◆ **INPUT DATA**
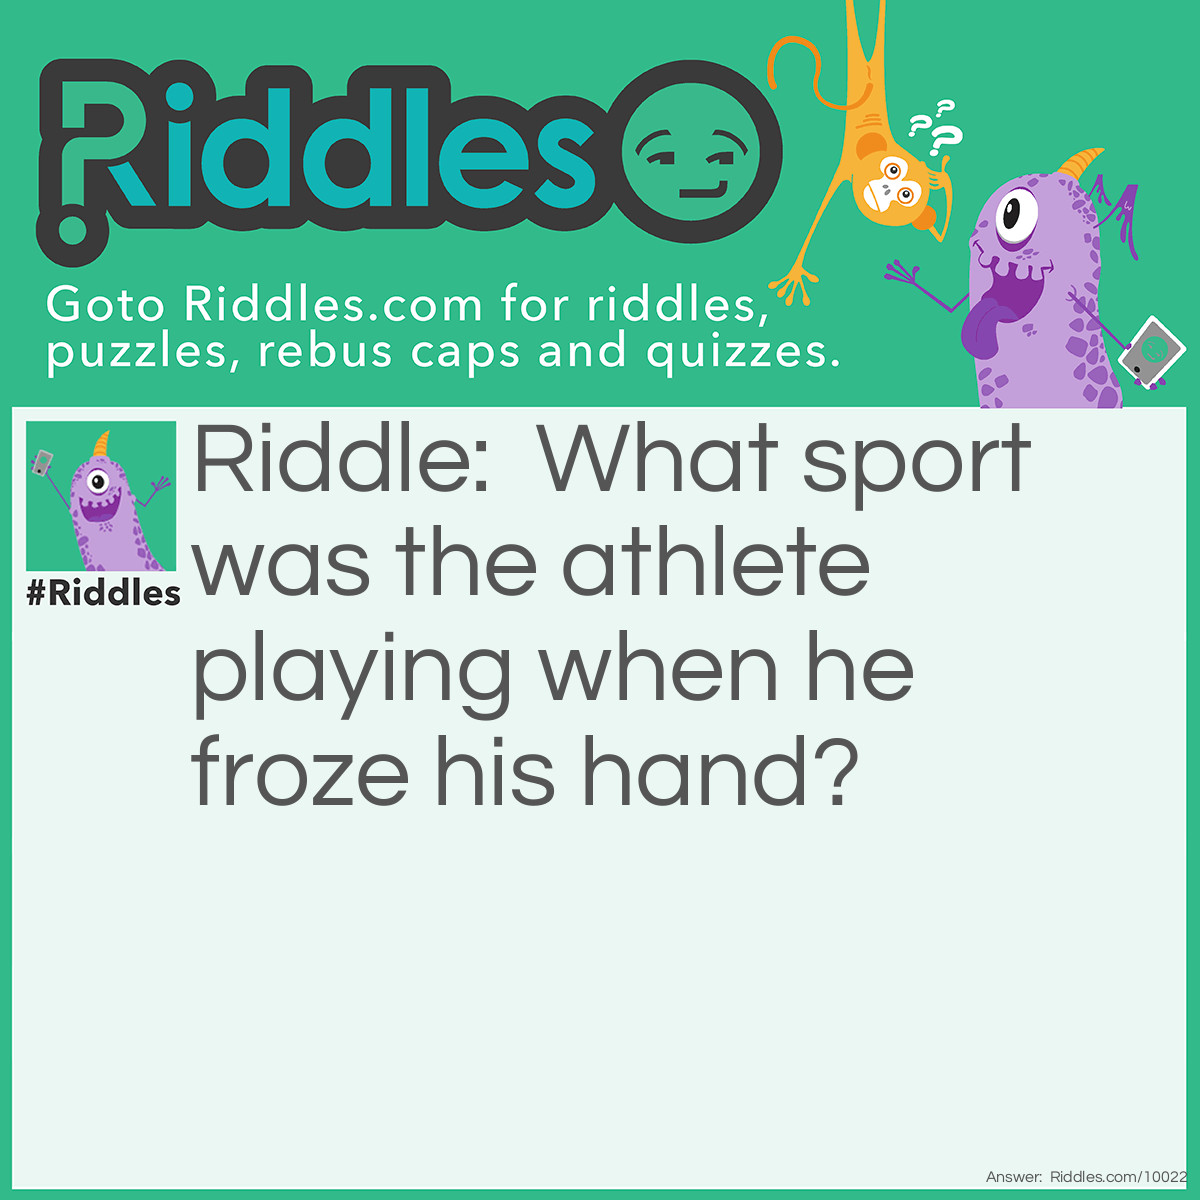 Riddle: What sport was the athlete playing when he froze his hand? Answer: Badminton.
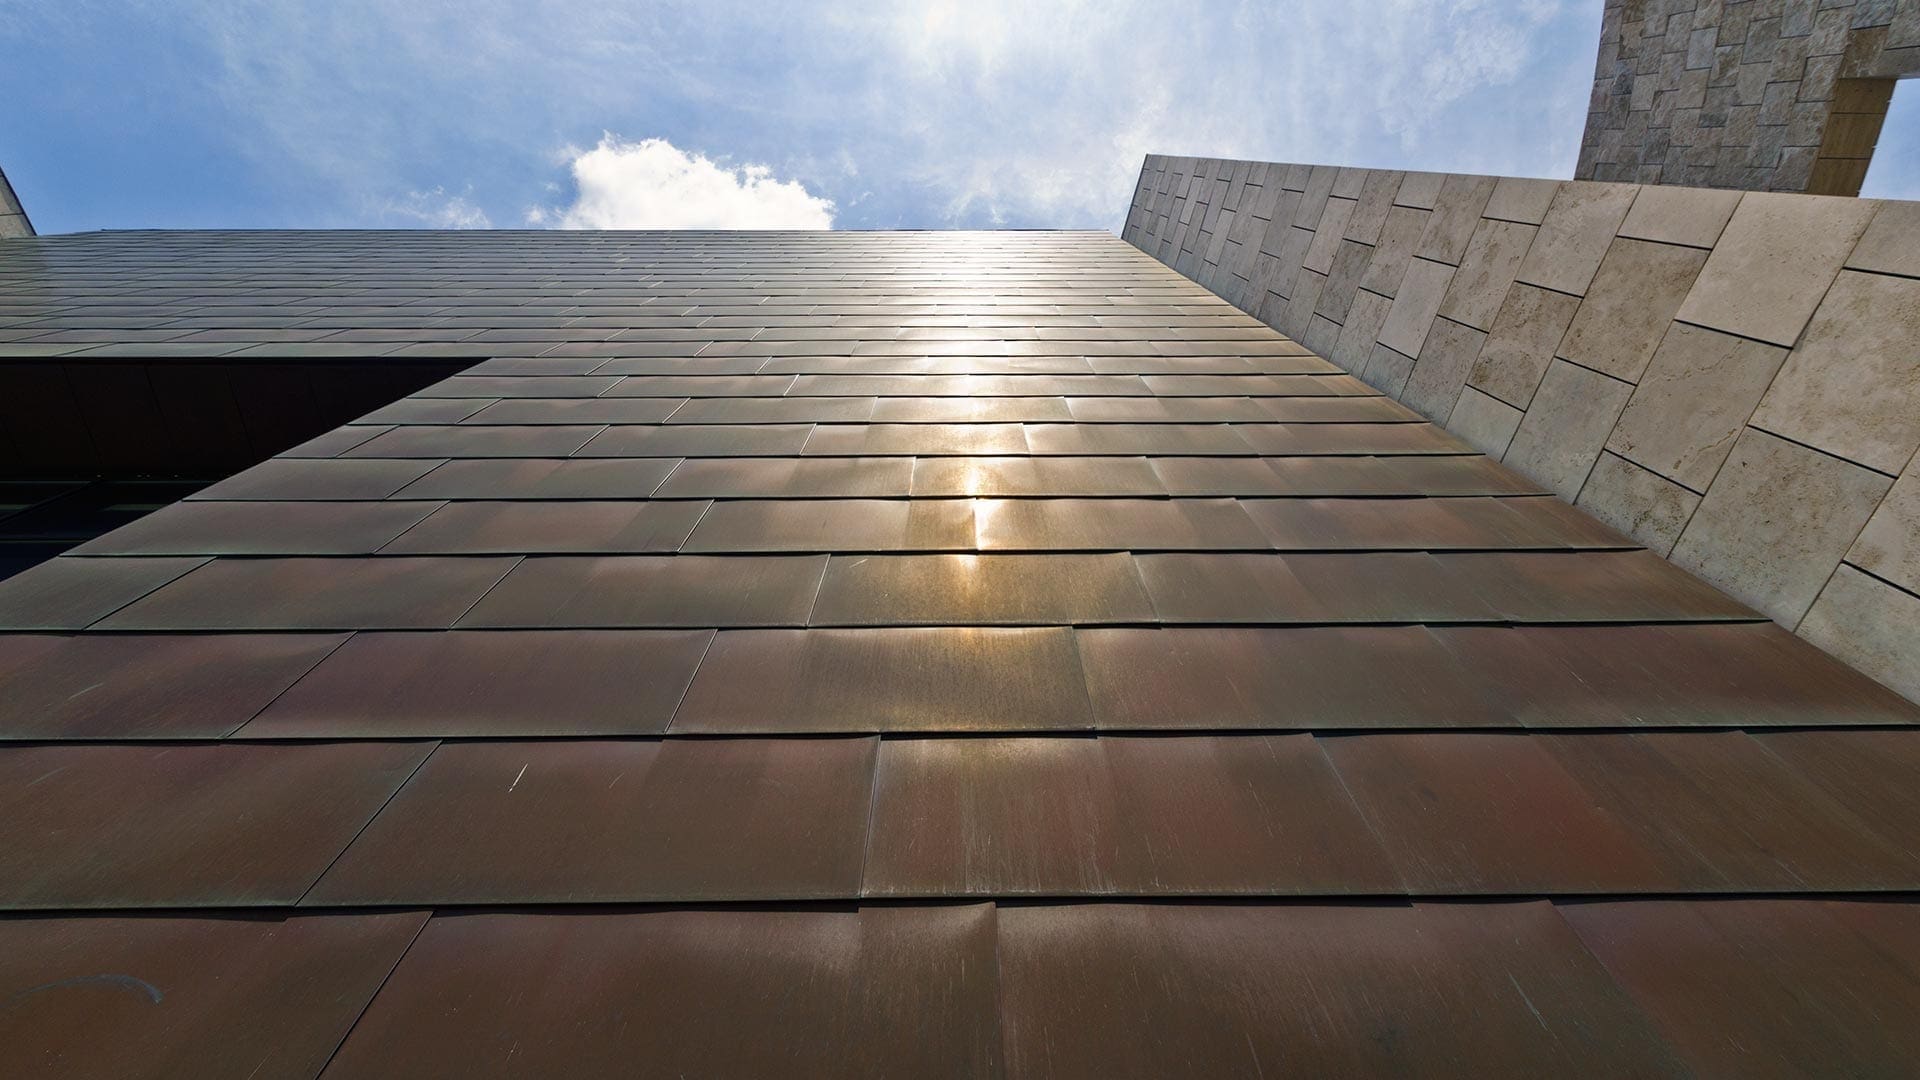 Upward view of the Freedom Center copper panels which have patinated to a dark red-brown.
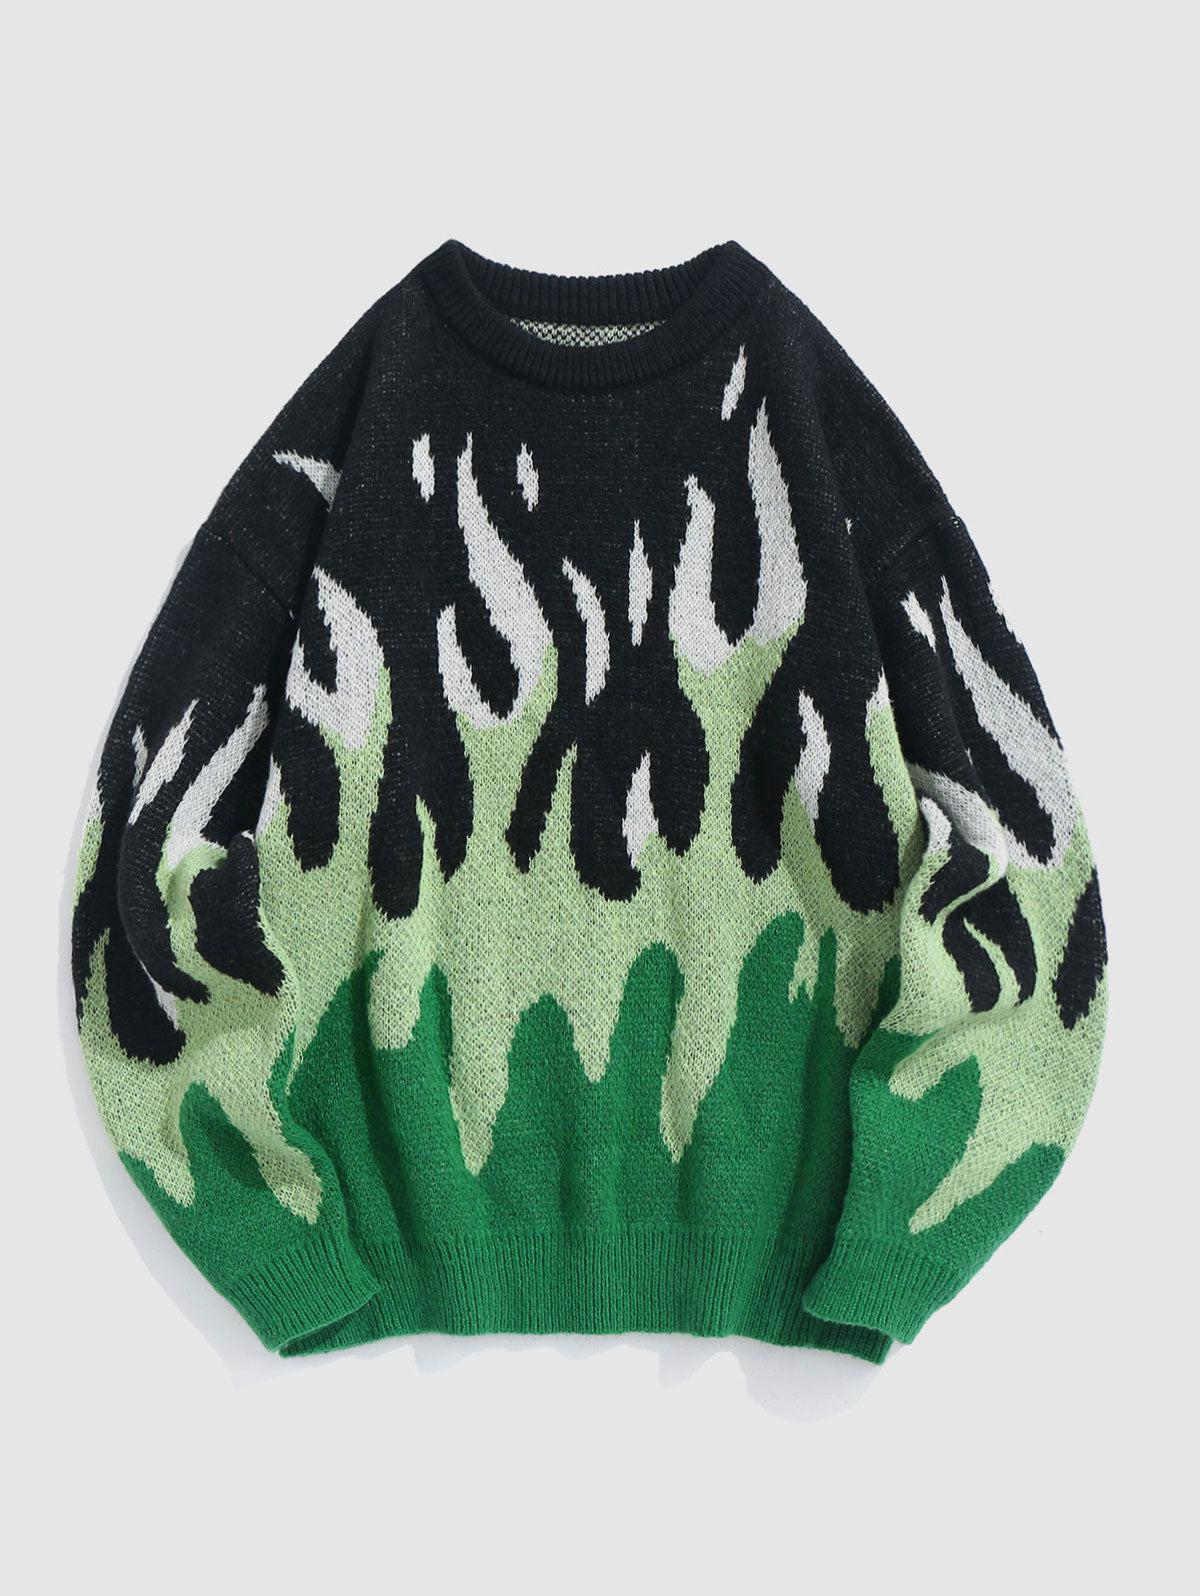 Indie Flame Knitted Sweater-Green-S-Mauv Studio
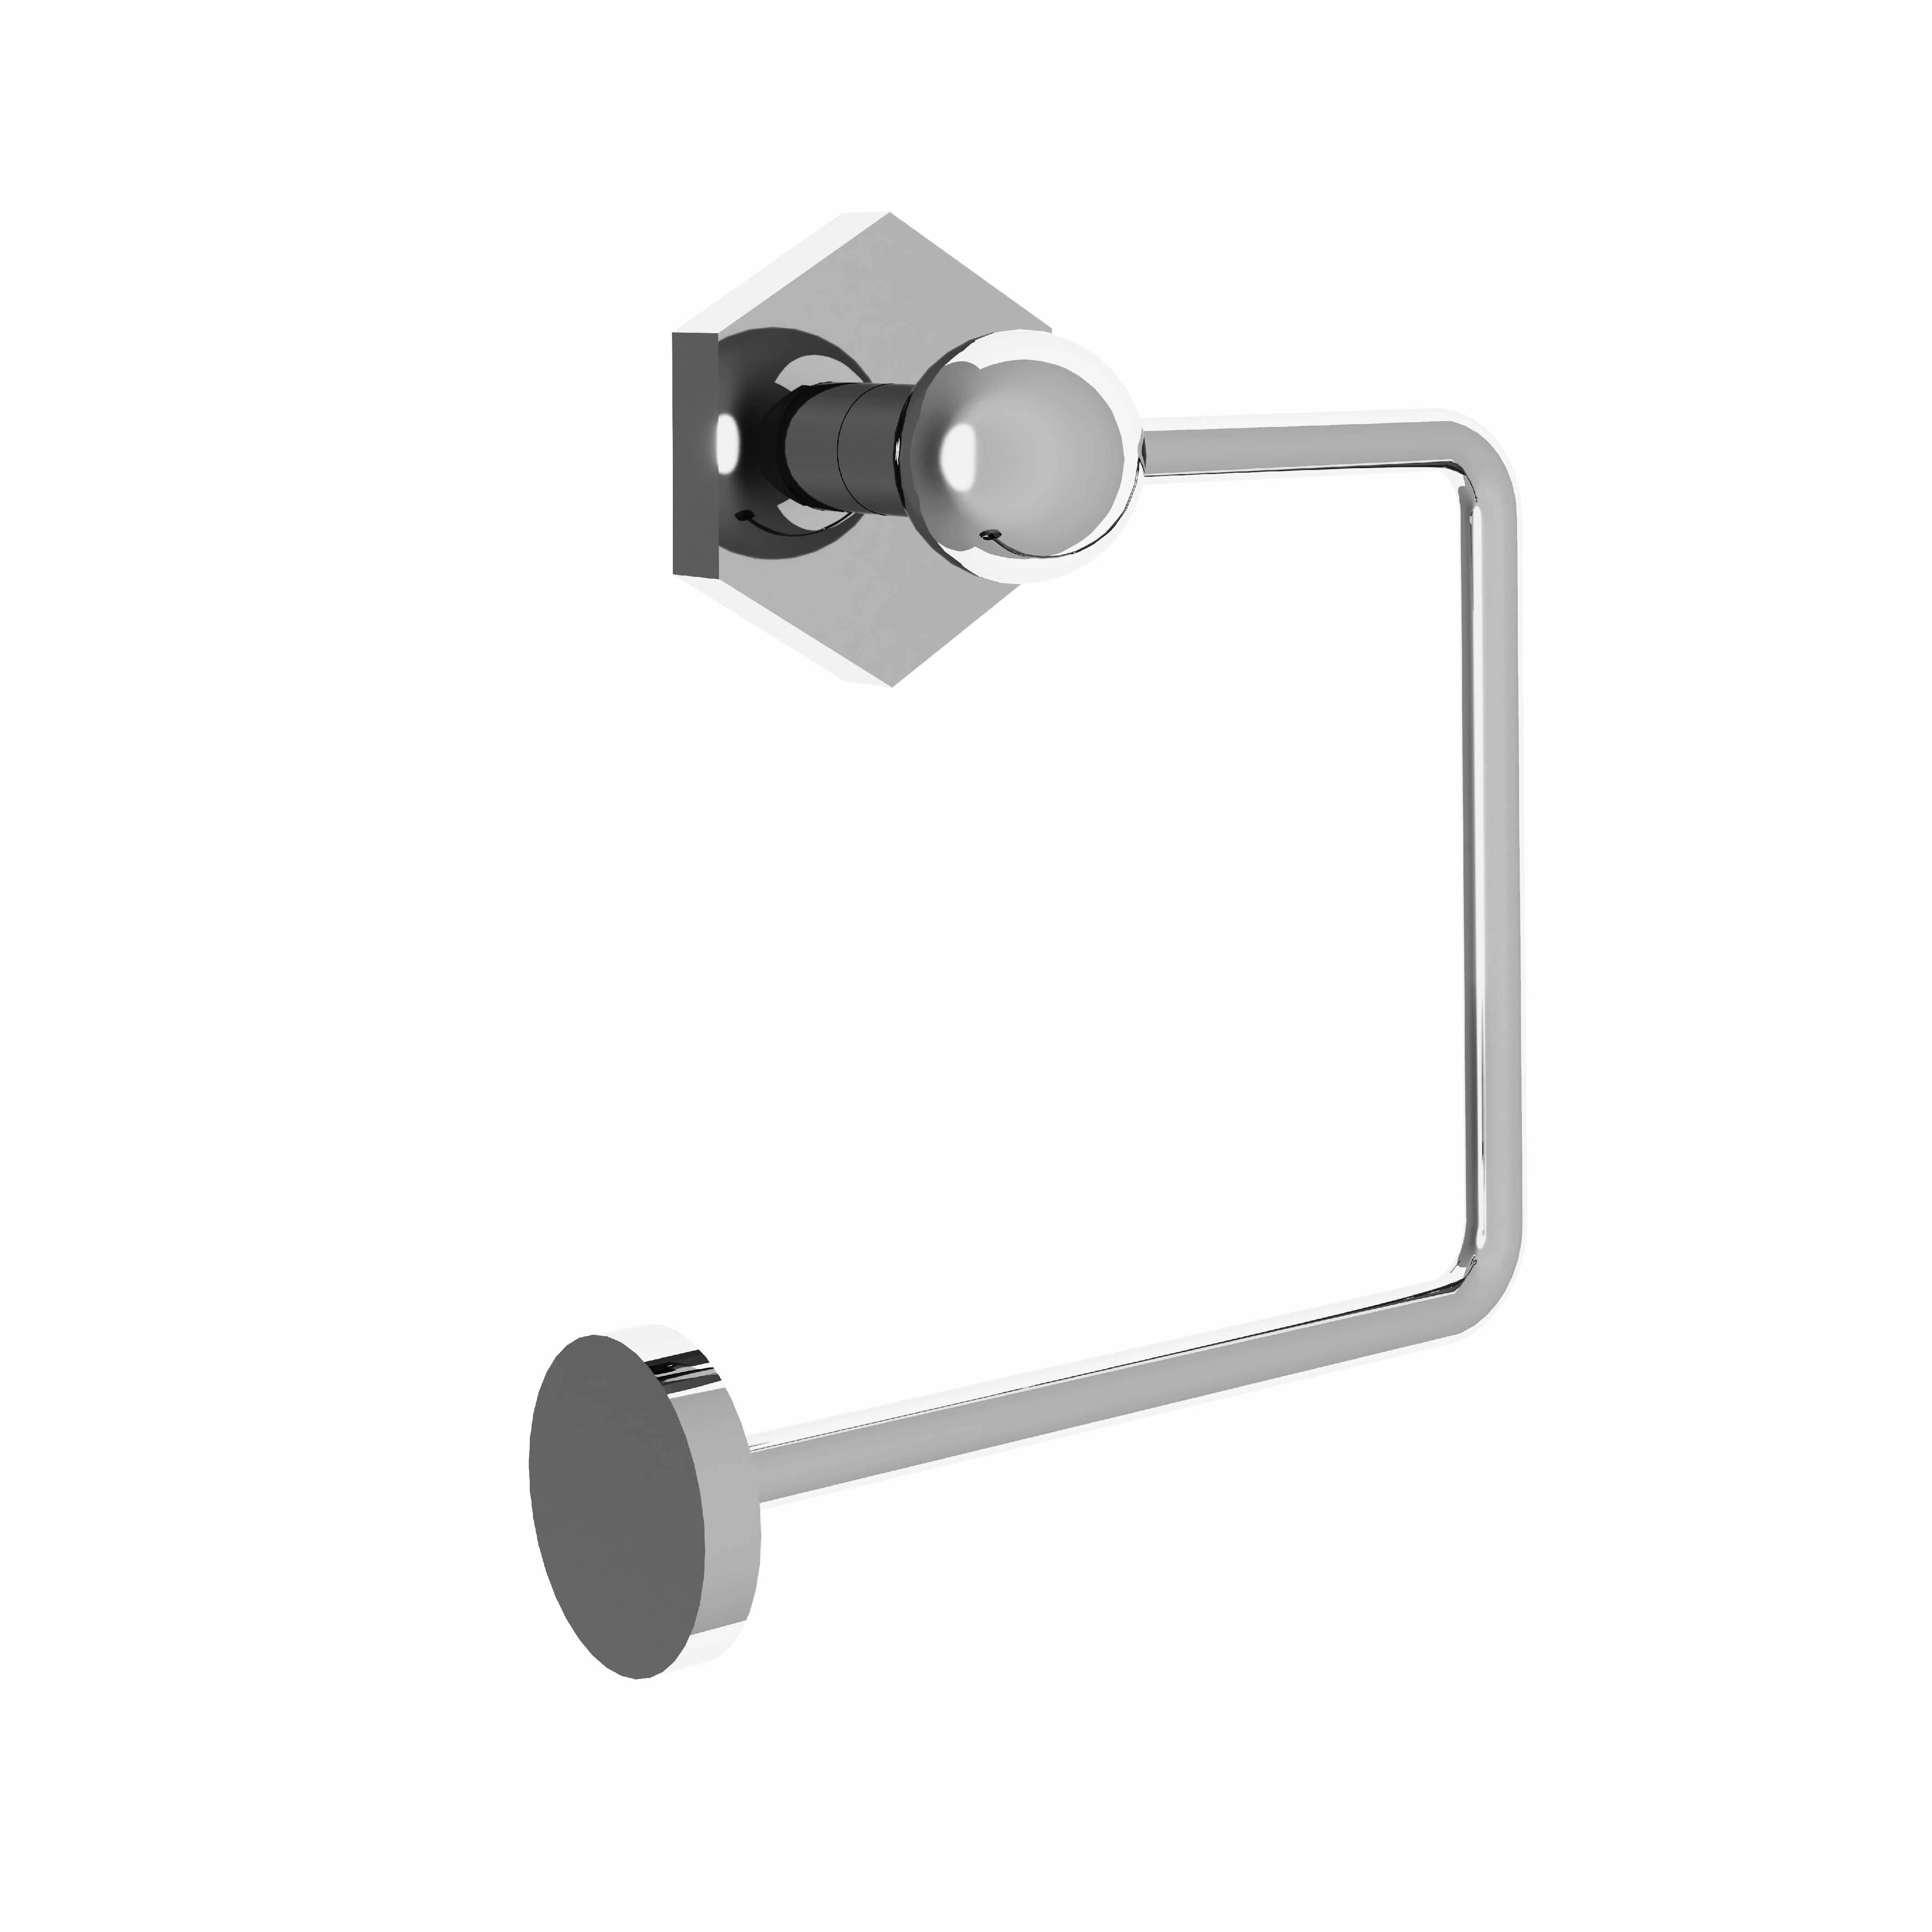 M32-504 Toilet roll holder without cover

◆ **WHAT TO WORK ON**
Set down the material exactly as given, but print none of the pictures.

◆ **RESPONSE TO THE EXERCISE**
 Riddle: What sport was the athlete playing when he froze his hand? Answer: Badminton.
 Upward view of the Freedom Center copper panels which have patinated to a dark red-brown.
 Indie Flame Knitted Sweater-Green-S-Mauv Studio
 M32-504 Toilet roll holder without cover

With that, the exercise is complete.